Taylor Schwein: We also measure levels of stress, anxiety and depression with validated survey tools. And we consistently see that those three levels decrease after taking Mindstrong.
Stephanie Sy: Mindstrong found Schwein's peer, Yang Du, at a critical juncture, questioning her success as a student nurse and struggling with what she calls passive suicidal thoughts.
Yang Du, College Student: Just doing self-statement really boosts your self-esteem, right? You keep giving yourself the positive influence. Yes, I'm good. I'm a good nurse. I'm caring. I'm making a difference. And that brings you — that reminds you of how great you are.
Stephanie Sy: There is an outsized need for support programs like this one. A national survey of 7,000 nurses earlier this year found two-thirds were not receiving any kind of mental health support.
Nurses' 24/7 schedules can be part of the problem.
Sarah Kincaid: I remember working night shift, and there were a lot of things that day shift would have access to, but, night shift, we didn't have those things. It has to be available for — to meet nurses where they are.
Stephanie Sy: Along with Mindstrong, Ohio State offers a peer-to-peer wellness counseling program.
Woman: I talk about wellness. I talk to students about wellness.

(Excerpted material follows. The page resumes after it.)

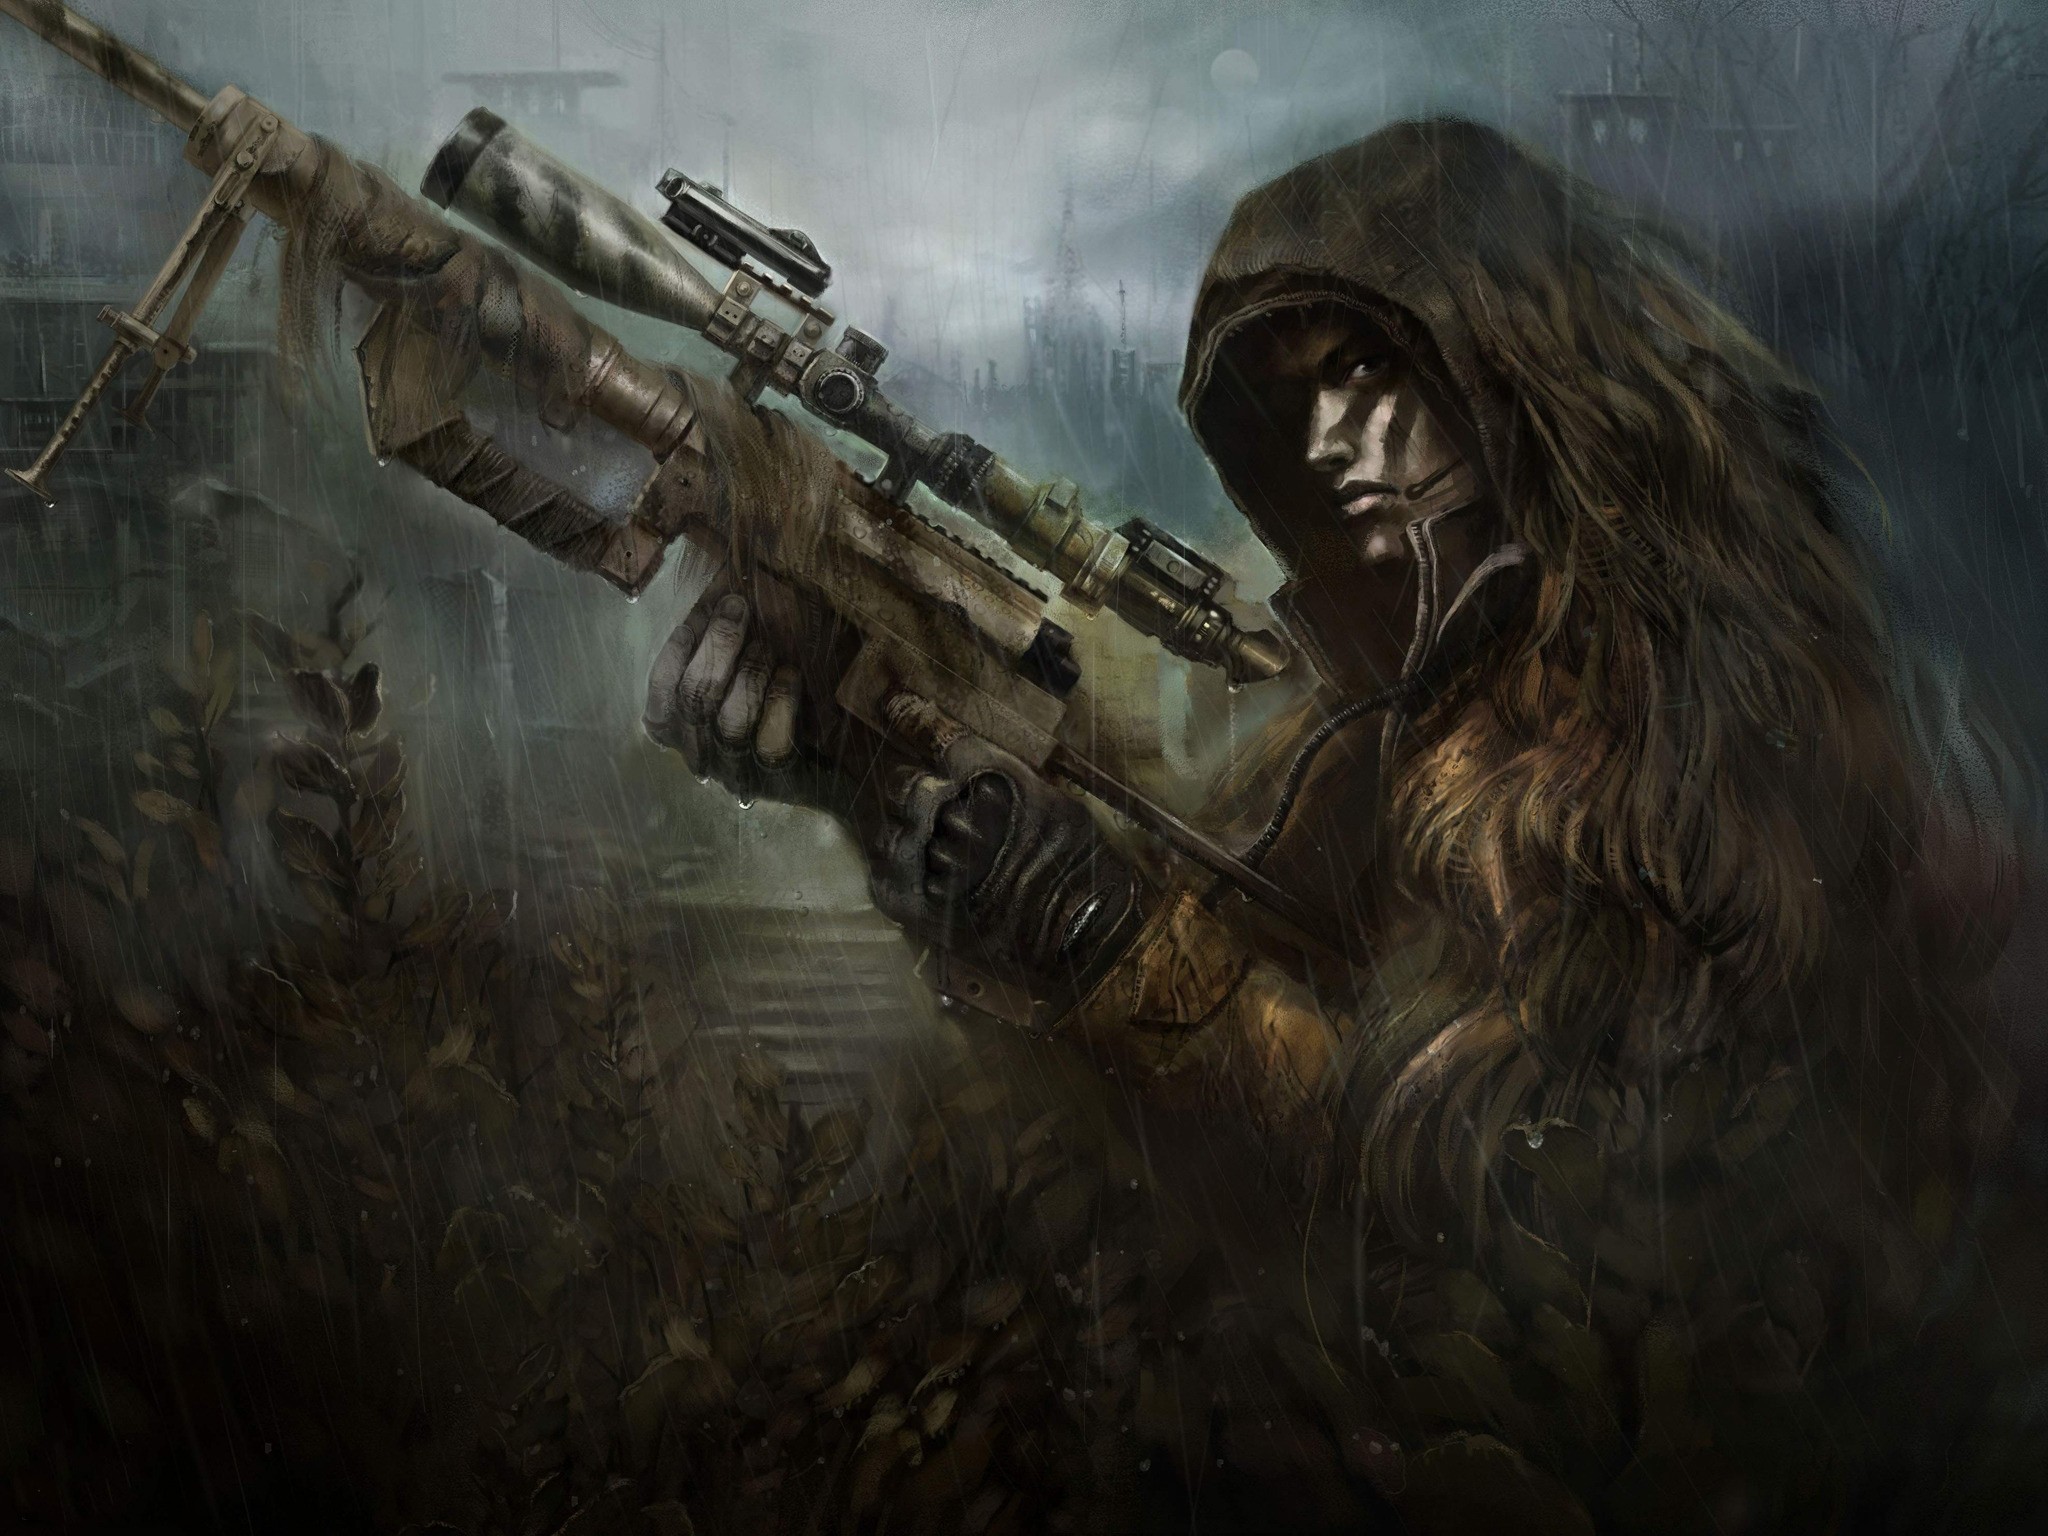 General 2048x1536 artwork chey-tac rain weapon digital art boys with guns gun gloves hoods looking at viewer scopes sniper rifle frown closed mouth camouflage

Bernadette Melnyk: These things work. Mindfulness that is evidence-based, really decreases stress and anxiety, cognitive behavior skills building, and that is all about teaching people to catch, check, and change automatic, unhelpful thoughts.
Stephanie Sy: Ohio State is also making some innovative new investments, including golden retriever Shiloh, one of 37 therapy dogs who visit Wexner Medical Center, not for patients, but clinicians.
Stephanie Sy: One factor pushing nurses to the brink, the pressures of a profit-driven health care system.
Sarah Kincaid: That amount of time we're spending to get to know the patient, developing a plan of care that is patient-centered, that should be valued financially more than the number of people who are coming through that office.
Stephanie Sy: Kincaid says less time to see more patients and high drug costs, among other industry profit incentives, can run counter to a nurse's most sacred duty.
Sarah Kincaid: You have this moral obligation to assist patients in achieving their health and wellness.
When you can't do that because of systems that are in place, that's where that distress comes from. That's where that frustration, that burnout — there's only so many times it can hit your head against a wall.
Stephanie Sy: Researchers call this feeling moral injury and find it can lead clinicians to depression and even post-traumatic stress disorder.
Some stressors are hard to see, except for the people who deal with them every day. Ease-of-use issues with the Electronic Health Record, or EHR, systems have also been linked to higher rates of burnout. Nationally, more than a third of nurses surveyed say they spend excessive time working on inputting stats in a computer on breaks or after shifts.
Bernadette Melnyk: When you think about why people went into nursing, it's because they love people. But a lot of the joy in taking care of people has been taken away, in large part because of many tasks that need to be done.
Sarah Kincaid: If you find it's going to be longer, let me know. Give me a call. It should be in my chart.
While I think the conversation regarding wellness needs to continue, I think we need to go beyond just a conversation. We need to take care of our nurses. We need to take care of our health care providers.
Stephanie Sy: Taking care of nurses so they can take care of us.
For the "PBS NewsHour," I'm Stephanie Sy in Ohio.